Die Dramatikerin Marianna Salzmann wurde 1985 in der ehemaligen Sowjetunion geboren, mit zehn Jahren kam sie nach Deutschland. Schon während ihres Studiums in Hildesheim und Berlin hat sich Marianna Salzmann auf das Theater spezialisiert. 2009 hatte ihr erstes Stück Premiere, es folgten viele weitere, auch preisgekrönte Arbeiten. Zur Zeit lebt Marianna Salzmann in Berlin, leitet als Haus-Autorin am Maxim-Gorki-Theater die Studiobühne. – Ihre Original-Töne stehen unter der Überschrift "Coming Out". Es sind Telefonate ohne direkten Adressaten, sie landen auf dem Anrufbeantworter.
Mädchenhände
Die Dramatikerin Marianna Salzmann liefert in dieser Woche die "Originaltöne", die sie "Coming out" betitelt hat. Den Beginn macht eine erotische Geschichte: ein Besuch in der "Kontakt Bar", in der die Realität verschwimmt.
Ich gehe an einem Etablissement vorbei: Barbecue, Drinks, Girls. Von rechts ragt das bescheidene Schild Kontakt Bar und über den roten Lichtern lächelt eine blonde Frau mit sehr gezupften Augenbrauen. Mir wird für kurz sehr warm.
Ich laufe mehrmals um das Haus herum. Obwohl mich die EC Card, Visa Card, American-Express-Aufkleber an den verdunkelten Türen anekeln, diese vielfältigen Möglichkeiten des Kontakteknüpfens, drehe ich meine Runden. Ein Hund, der den Eingang sucht. Atmet schwer durch den Mund mit Zunge raus.
Die Vorstellung, an einer lamettabehängten Bar zu sitzen. Frauen beim Tanzen, Flirten zu beobachten, wie sie mich zufällig streifen und dann direkt zur Sache gehen, erregt mich. Mädchenhände, die unter meiner Kleidung nach meinen Schwachstellen suchen, während wir noch an der Bar, also inmitten aller sind.
EC Card, Visa Card, American Express.
Ich sitze an der Bar, sehe mich vervielfältigt in bunten Spirituosenflaschen. die Spiegelung meines Gesichts ist verzerrt, ich mag es, was ich da sehe. Ich kenne diesen Umriss nicht, aber er gefällt mir.
Man kann mich nicht zuordnen. Einige Männer, aber vor allem Frauen sind durch die Tatsache meiner Anwesenheit verwirrt. Ich bin nicht willkommen. Ich bin nicht zahlungsfähig. Sieht man mir das an?
Eine Frau kommt auf mich zu. Sie küsst mich. Ich habe das Gefühl, meine Lippe blutet. Sie sagt, sie will was trinken und stellt ihr Bein zwischen meine beiden. Sie greift sich in den Nacken und zieht sich selbst an den Haaren nach hinten, so dass ihre Brüste vor meinem Gesicht stehen und lachen.

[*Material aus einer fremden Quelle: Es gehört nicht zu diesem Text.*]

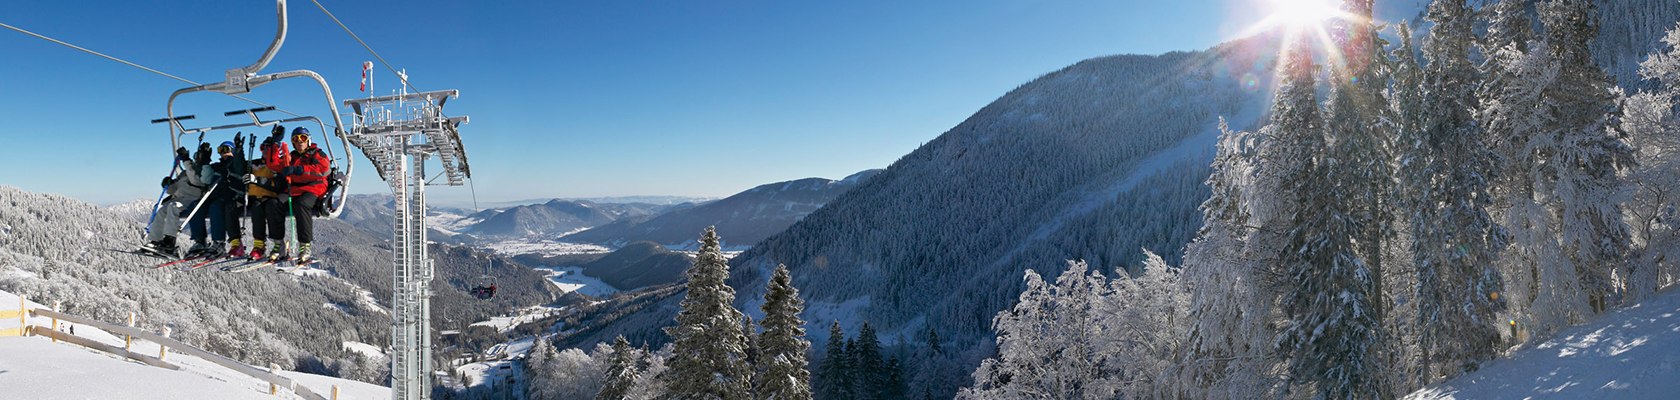 Mit der Sesselbahn ins Winterparadies, © NÖVOG/Zwickl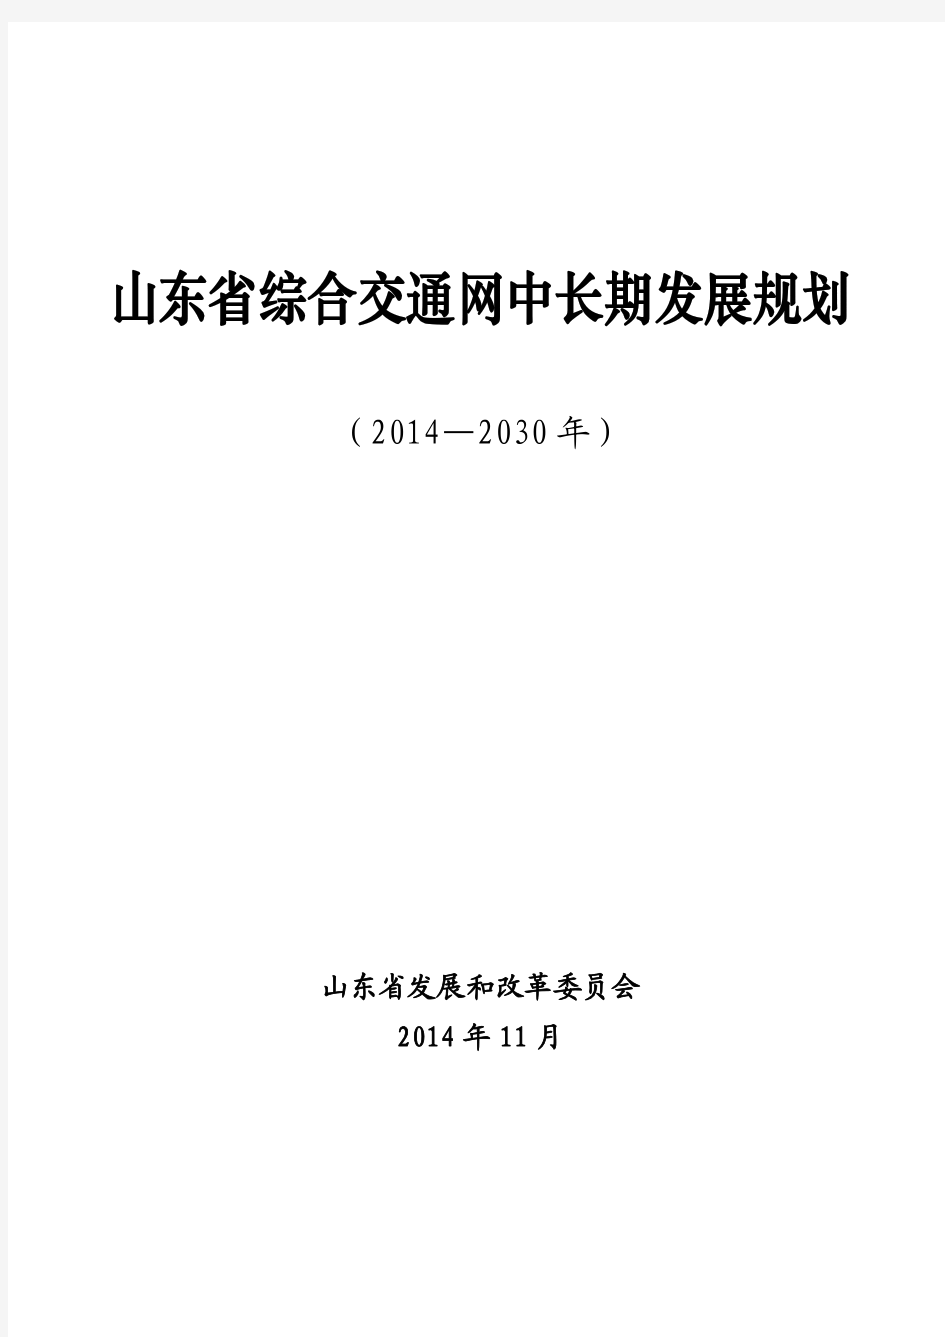 山东省综合交通网中长期发展规划(2014-2030年)

Ich greife nach ihrer Hand, die sich selbst am Schopfe zieht, ziehe tiefer, vergrabe mich in ihr, als würde ich in sie rein können, reinschmelzen, als hätte ich Eintritt in die Welt, in der man nicht friert.
In den Händen halte ich nichts. Ich hebe den Kopf – da ist die Frau, von weitem sehe ich sie, sehe ihre Umrisse erleuchtet von einer Discokugel auf mich zusteuern. Aber sie kommt nicht an. Sie bewegt sich fast auf der Stelle, geht rückwärts oder gehe ich weg, fliege ich raus. Als würde ich an ihrer Vorstellung abprallen.
Ich strecke die Hand nach ihr aus und pralle ab mit einer Wucht in den Ohren, als fahre ich gegen eine Wand, werde ich befördert in mein frierendes Ich auf der Straße mit nassen Füßen und einem kaputten Regenschirm.
Mir ist für kurz sehr kalt. Ich suche nach einem Stein, er ist zu klein, aber ich nehme ihn, in diesen Straßen wird es keine größeren geben, und schleudere ihn so hart ich kann gegen die Tür. Er prallt ab. Nichts ist zerbrochen. Da ist ein kleiner Kratzer an der Tür und mein Umriss darin. Und ich bin unversehrt. Wir alle unversehrt. Und wir schauen uns an, das Haus und ich. Wir starren uns an. Wer zuerst zwinkert.